Breast cancer is the most common cancer among females in the Chinese population, with an age-standardized rate (ASR) of 27 cases per 100,000 (US, 67 per 100,000). GLOBOCAN also reported that breast cancer is the sixth leading fatal cancer in China, with an ASR of 6.2 cases per 100,000 (US, 14 per 100,000). An accurate prediction of OS may facilitate individualization of the clinical decision-making process. Several prediction models (Adjuvant! Online, CancerMath, and PREDICT) have been developed in Western countries to predict survival probability. However, whether these models are valid in the Chinese population remains unclear because the diseases profiles, treatment patterns, medical insurance coverage, and prognosis of breast cancer patients in China are significantly different to those of patients in Western countries; for example, breast cancer patients in China are more often younger[7,8] and hormone receptor-negative, and have more advanced disease stages at diagnosis because of the lack of a national screening program. In addition, some new drugs, such as T-DM1, pertuzumab, and palbociclib, are not imported into China in a timely manner, limiting the treatment options for patients. Breast cancer survival in China has been reported to be 74%, which is significantly lower than that in the United States (84%). Therefore, we need a survival prediction model based on the Chinese population.
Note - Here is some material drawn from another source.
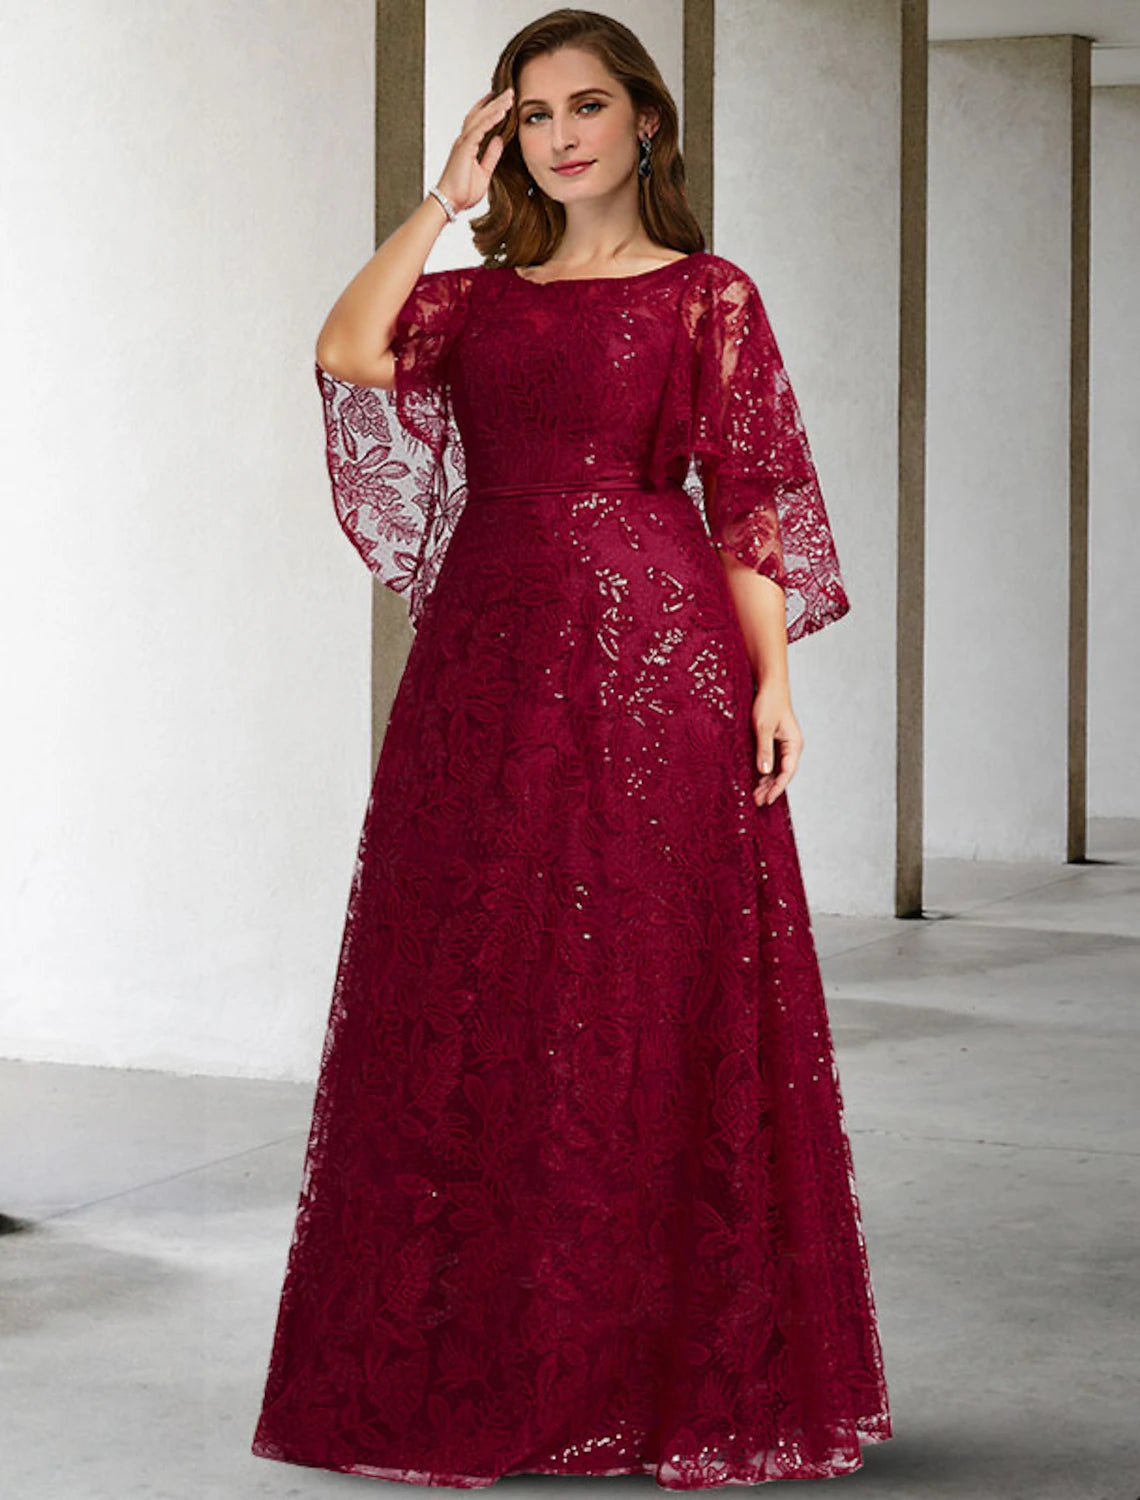 A-Line Mother of the Bride Dress Plus Size Hide Belly Elegant Jewel Neck Floor Length Lace Half Sleeve No with Sequin Appliques

In this study, we developed the SYS model to predict the 5-year OS rate among breast cancer patients and validated it externally in 2 different cohorts. We surmised that the SYS model would benefit our daily clinical practice as patients enquire about their estimated survival when first diagnosed with breast cancer. The current TNM staging system cannot provide individualized estimations. The SYS model was designed as an easy-to-use nomogram for physicians and patients. In addition, with the more accurate prediction of OS, physicians may be able to provide more accurate recommendations to breast cancer patients. For example, the value of anthracycline in adjuvant therapy for early-stage breast cancer patients remains controversial. In comparisons of taxane-only and taxane-anthracycline regimens, the West German Study Group (WSG) PlanB trial study and the ABC Trials indicated that anthracycline added to taxane may provide a survival benefit for high-risk patients, although the results of these studies were inconsistent. Therefore, the successful prediction of survival may help determine the tumor burden and the risk of relapse, and guide physicians in selecting appropriate chemotherapy regimens. Furthermore, after surgery, whether different surveillance plans should be implemented for patients with different risks remains unclear. Several studies have shown that an intensive surveillance plan was equivalent to a simplified plan, and the latter plan was adopted in the current NCCN guidelines. Using a survival prediction model, we can identify high-risk patients and recommend a more intense surveillance plan after surgery.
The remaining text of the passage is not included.